“Whatever it is, it doesn't look like something we'd want to give to your brother or my mother unless we want them gone for good or Fifth knows where.”

“Is your mother hurt?” Nina’s blue eyes were full of concern.

“She was attacked during the Trading last week, but she’ll survive.” Hope was convinced of it. She would have it in no other way.

Nina lifted one corner of her mouth in a smile.

“I'm sure she will. Which one shall we try now?” Nina was holding the blue and red vials in each hand.

“You pick. The colors and their properties change every time,” Hope said, admiring the redness of the surrounding poppies. It was brighter than the blood soaking Nina’s cloth around her leg.

Nina opened the red vial and carefully let a drop fall between the red petals of the poppy. For a moment, nothing happened. Then the petals shrunk, and the poppy died in front of them.

“Oh.” Nina sighed.

Hope wondered if the red liquid would work that easily with people or animals. It would be a quick way to get rid of enemies or predators.

Hope opened her blue vial and was about to try it on another poppy when they heard a man scream.

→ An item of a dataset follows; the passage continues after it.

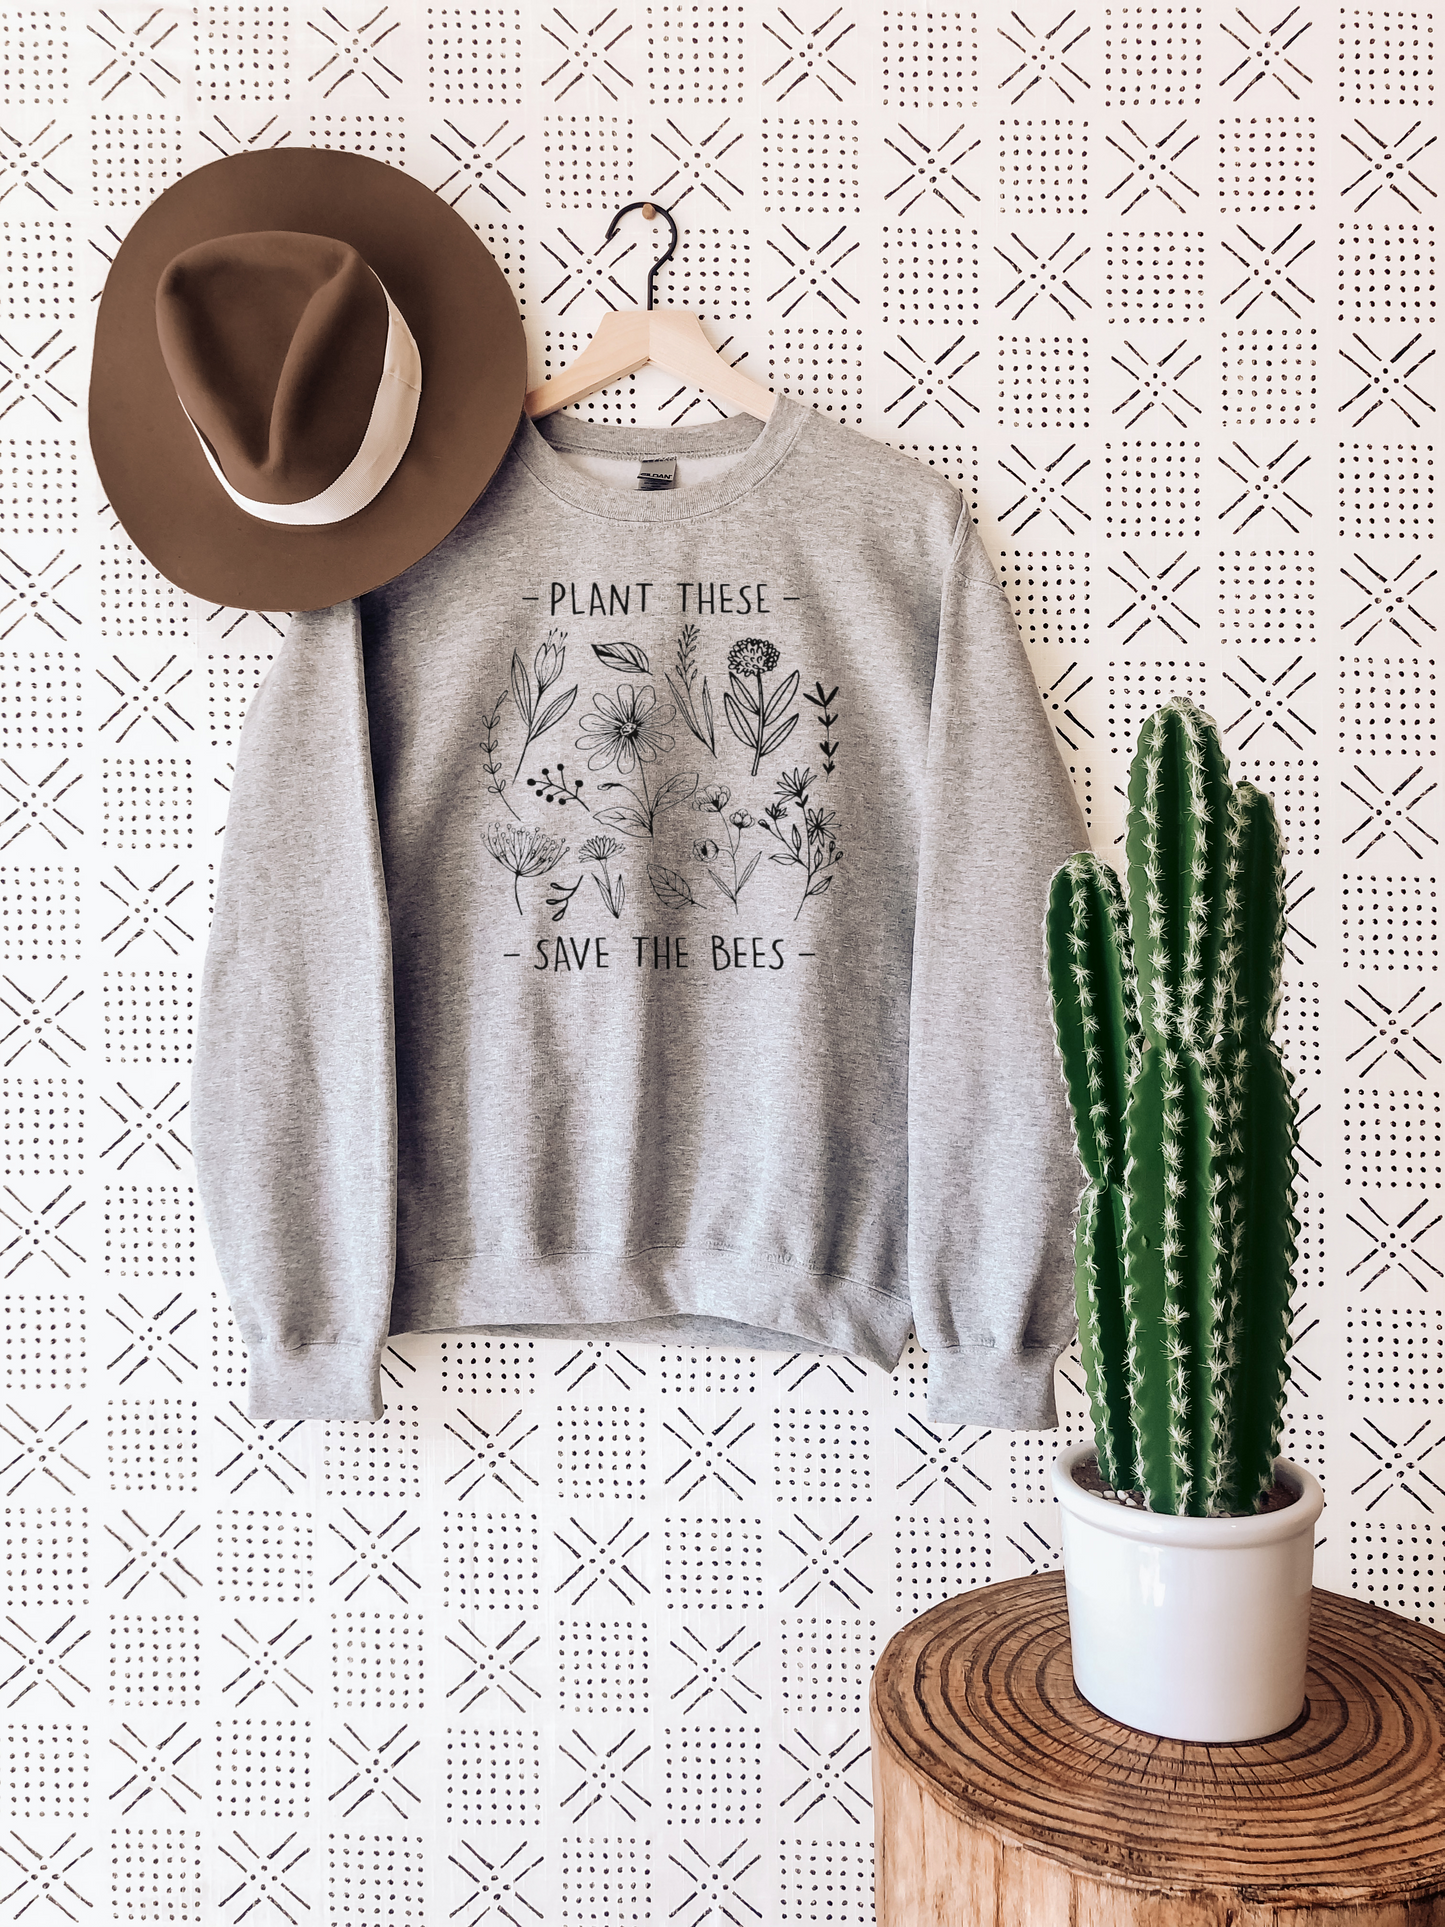 Plant These, Save The Bees Sweatshirt

She stood up in one move and her body became alert, looking for any signs of peril nearby.

Nina's already pale face had gone paler. “Raoul.”

Hope started running towards the cave at the same time she grabbed her daggers. She didn’t want to leave Nina behind, but her leg wouldn’t let her sprint to the cave. If it was a wild animal that wandered the cave, it would be easy to help Raoul. Hope couldn’t think what other thing might have happened to him to cause such a scream.

When Hope reached the entrance of the cave, she moved, listening for any noise that could help her guess what was happening inside. She couldn’t hear anything at all. A quick look inside told her there was no wild animal there. At least not a big one, because the deadliest ones were the smallest. The sunny rays through the cave’s natural cavities illuminated a completely empty space.

There was nobody there. Not even Raoul.

Nina arrived inside the cave. The way she stood up without limping made her think maybe she had indeed found out if the blue vial was a medicine and taken some herself.

“How did they—” Nina started in a silent voice filled with the same horror that her blue eyes showed. She started walking towards the corner where her brother had been a few minutes before.

“Who are they?” Hope was not worried about animals of any sort, but she did not like the pure fear shown in the eyes of this young woman. She took cautious, silent steps and followed Nina inside. If this was some trap, she would fall right on it. There were warning bells sounding on her head, and her intuition was telling her to get out of there right now. Only the silent goosebumps on her back seemed to tell her to get closer and continue going forward.

“Why did they…” Nina continued, talking to herself in the same quiet voice, as if she hadn’t heard Hope.

“What is this about, Nina? Who the Fifth are they?”

Nina reached the mattress where his brother had been, and after looking at the wall, she fell to her knees and started weeping without taking her eyes off a spot on the wall. Hope approached her and laid a hand on her shoulder, trying to give her some sort of reassurance. She wasn’t sure why she felt the need to comfort someone who she’d known for a handful of hours. She bent her knees to get closer to the spot Nina had her eyes fixed on while tears run down her cheeks.

Only then, Hope saw the carving that had appeared on the stone with black ink. The four-petal shape of Thyria that no one ever wanted to encounter.

“We have to run,” was all she said before grabbing Nina’s arm and pulling her out of there.

4

Lenna

Lenna was on her way to Leo’s class in the East Wing of the North House, smiling while remembering how Theon and she teased each other. Theon probably was to her what most people would consider a friend. Except as a member of a House, she could not have friends outside the Elite. And a trainer was nowhere near that. Quite the opposite: they were merely considered education servants.

“What could make my angry-with-the-world sister smile?” asked Ayla, appearing from behind a door.

People always said they were not similar enough to be considered pure twins. They were both standard height for the North, Ayla more straight-built than her, and Lenna was quite proud of her wildly appreciated curves. The fire-red tone of their hair was identical, but the waves of Lenna’s were as uncontrollable as her character, completely different from the sleek curtain of Ayla’s. And then there were their eyes. Ayla’s green ones, which were narrowing right now, looking at Lenna’s golden ones.

“What do you want, my pain-in-the-ass sister?” asked Lenna with an ironic forced smile, without stopping her steps.

“I wouldn’t be so rude if I were you,” Ayla said, walking next to her, her steps echoing in the empty corridor.

Lenna rolled her eyes. “You might trick mother and father into believing you are a pleasant human being, but you can quit your bloody act with me. I might vomit.”